Since the listing below shows pictures, leave them out and write out exactly the lines from the line with "Felipe de Edimburgo, príncipe" to the line with "Orologio di stazione", both included, and no others.

• _ENTRIES SUPPLIED_:
__________________________________________________

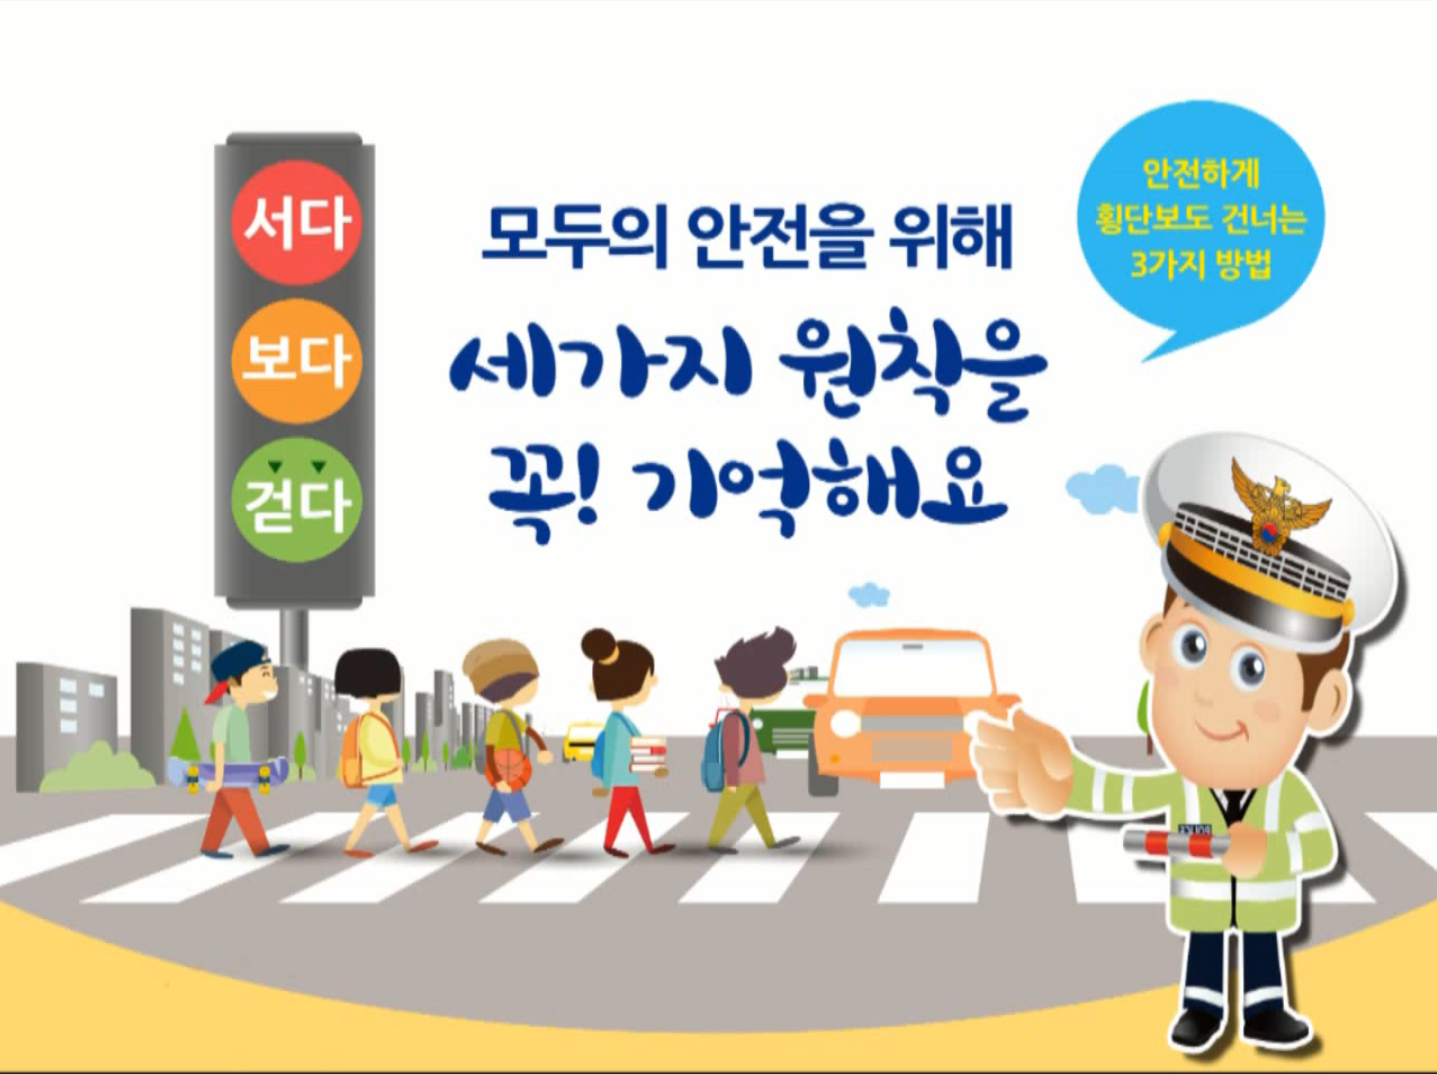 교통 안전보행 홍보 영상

__________________________________________________

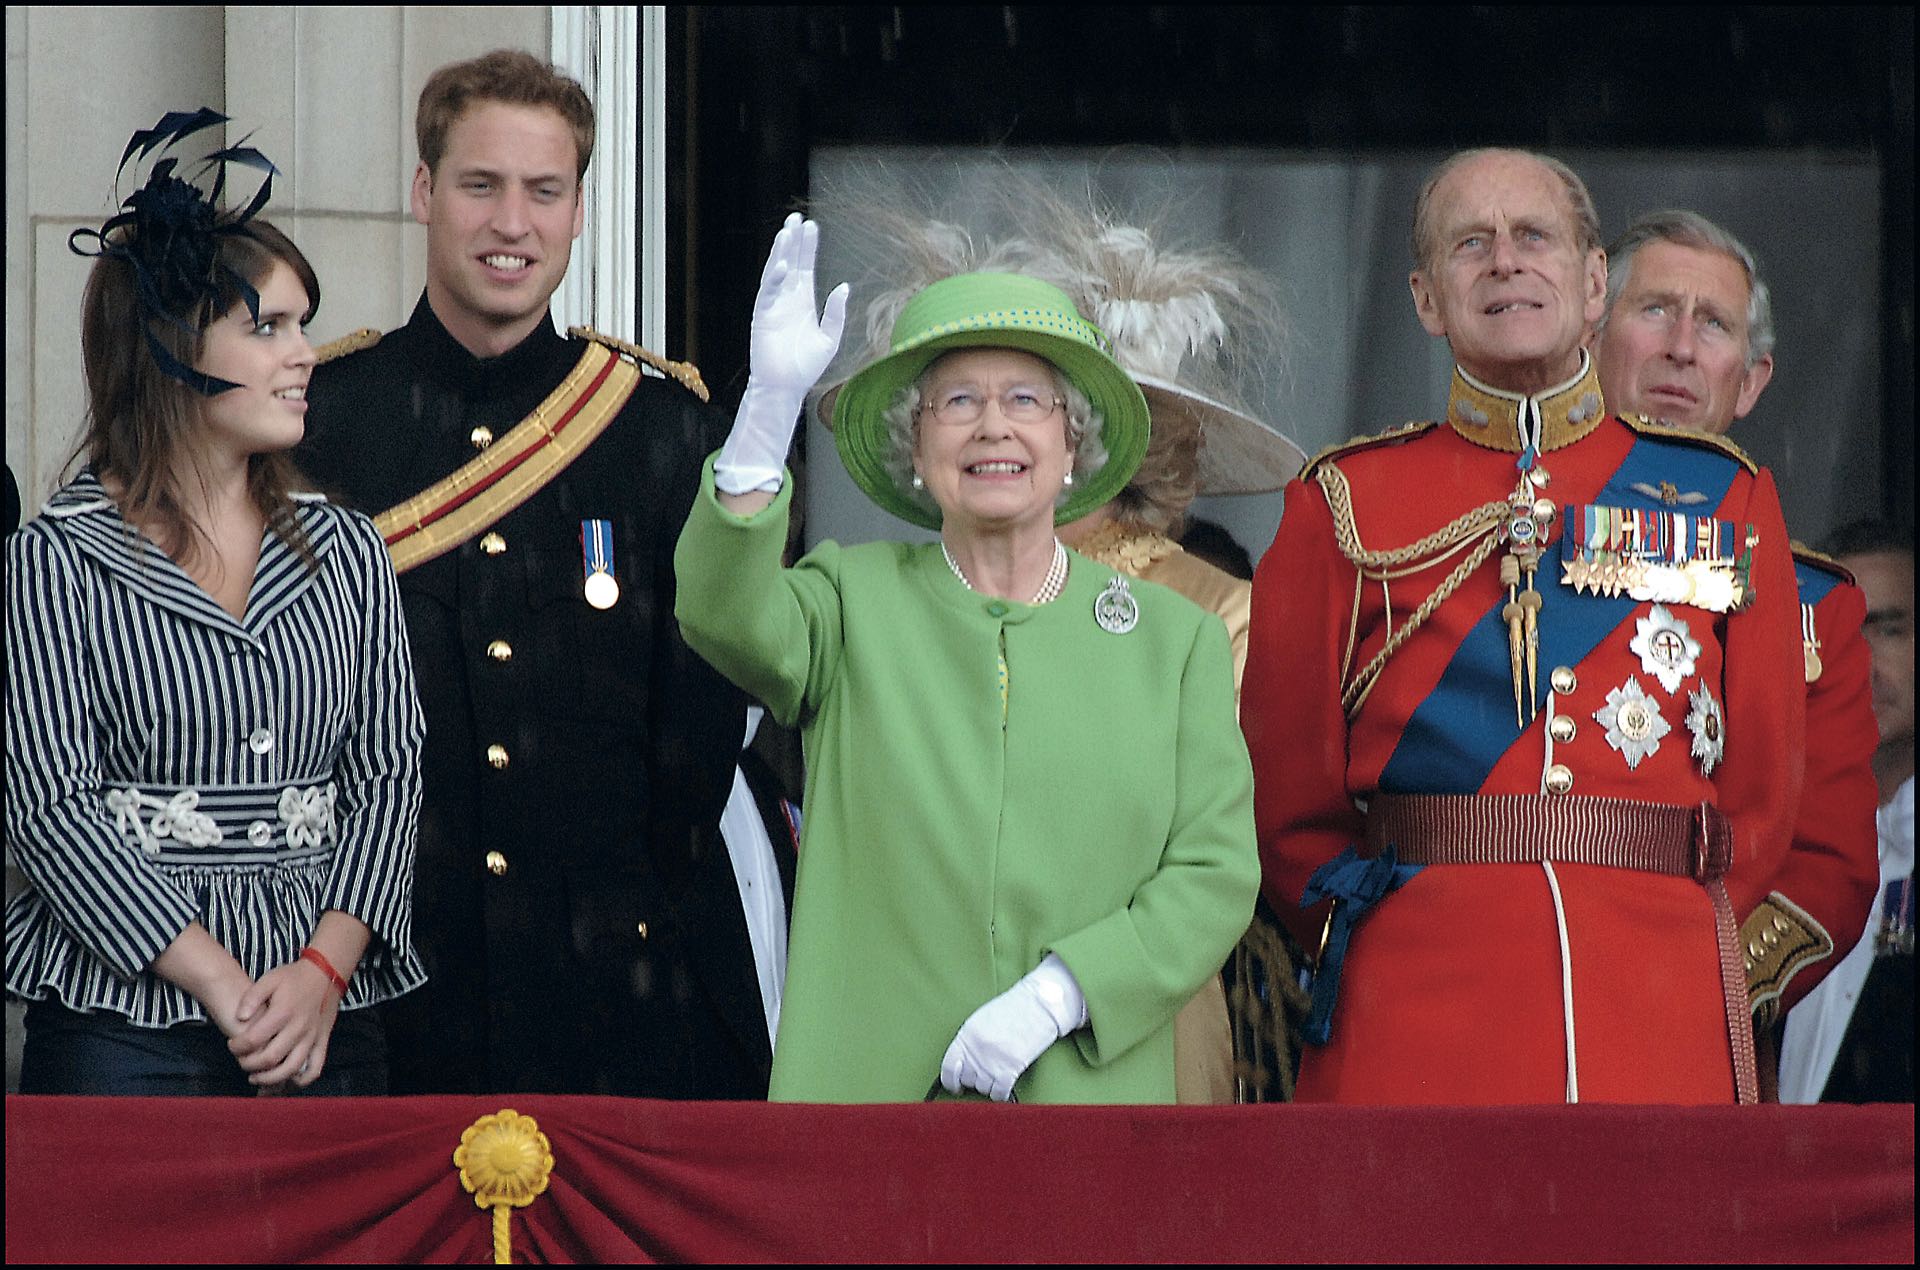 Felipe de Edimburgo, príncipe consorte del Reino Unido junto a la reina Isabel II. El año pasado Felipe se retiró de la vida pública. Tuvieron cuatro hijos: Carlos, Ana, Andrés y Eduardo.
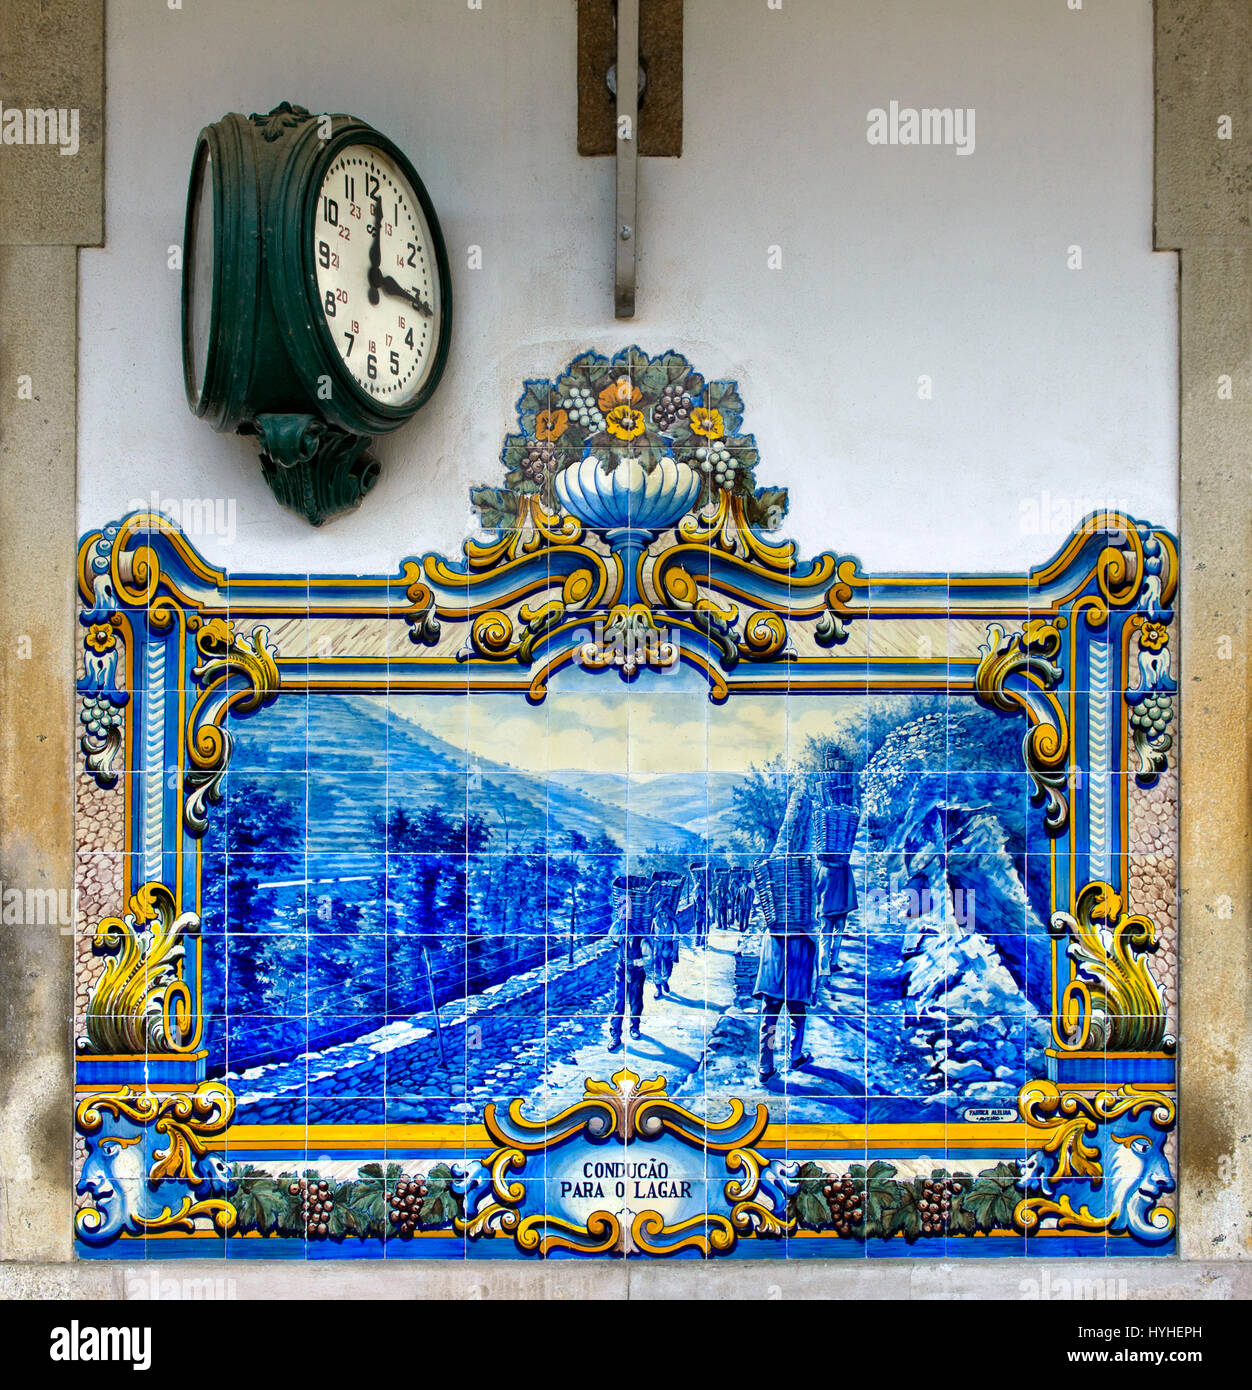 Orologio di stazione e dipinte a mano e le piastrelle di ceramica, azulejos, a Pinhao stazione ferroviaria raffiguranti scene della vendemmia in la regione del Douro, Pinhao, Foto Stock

__________________________________________________

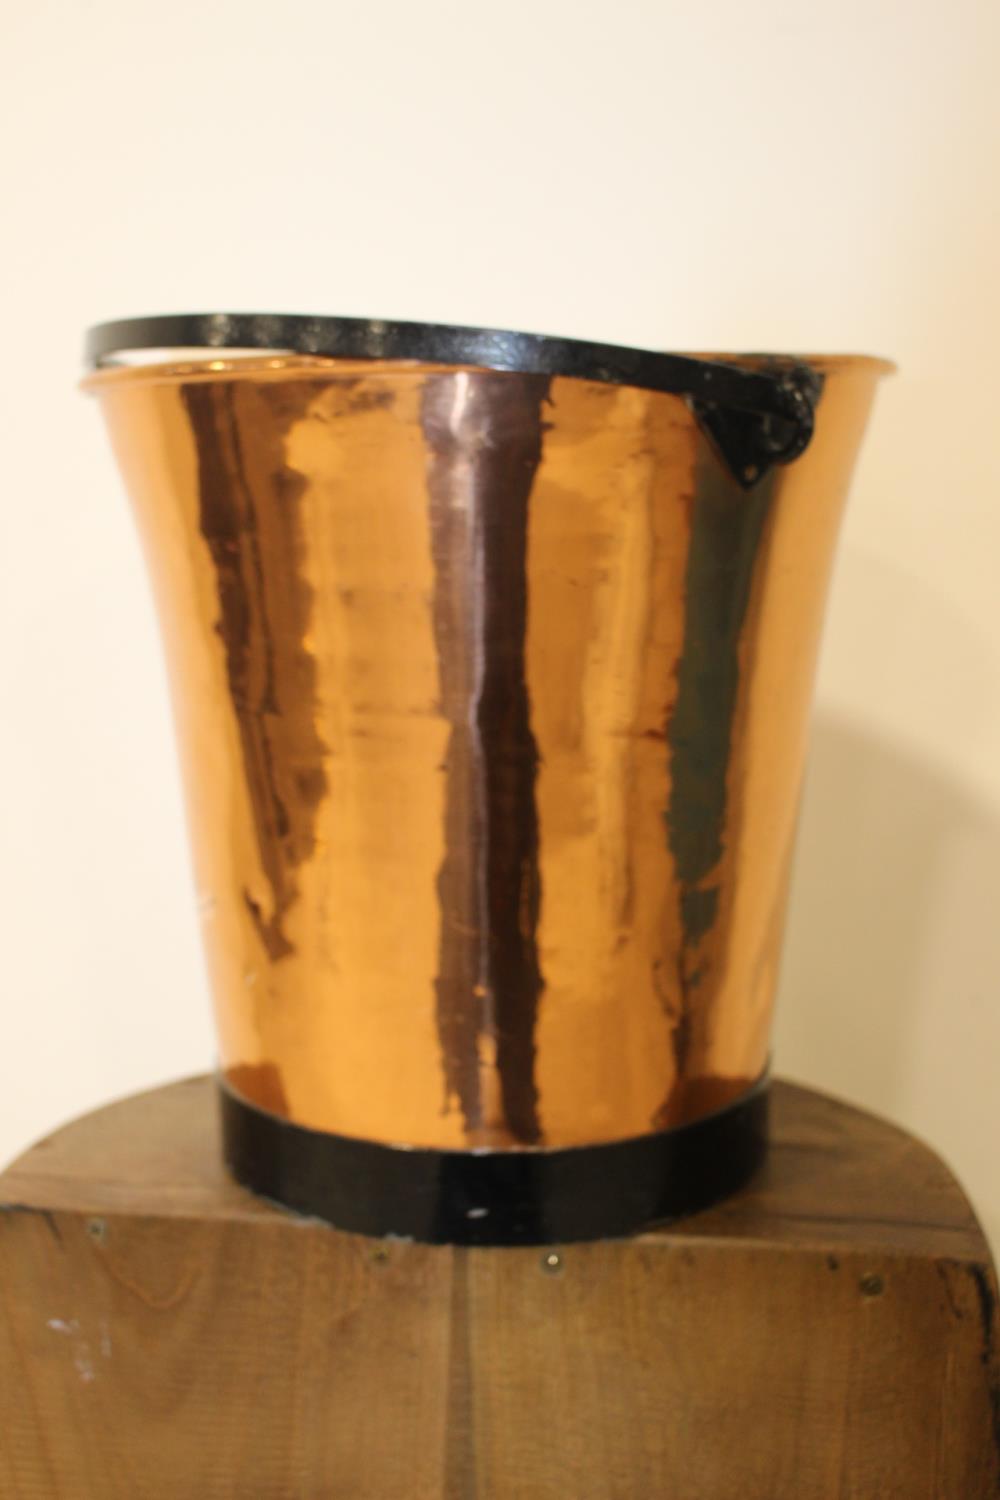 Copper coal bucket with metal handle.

__________________________________________________

• _EXERCISE SOLUTION_:
 Felipe de Edimburgo, príncipe consorte del Reino Unido junto a la reina Isabel II. El año pasado Felipe se retiró de la vida pública. Tuvieron cuatro hijos: Carlos, Ana, Andrés y Eduardo.
 Orologio di stazione e dipinte a mano e le piastrelle di ceramica, azulejos, a Pinhao stazione ferroviaria raffiguranti scene della vendemmia in la regione del Douro, Pinhao, Foto Stock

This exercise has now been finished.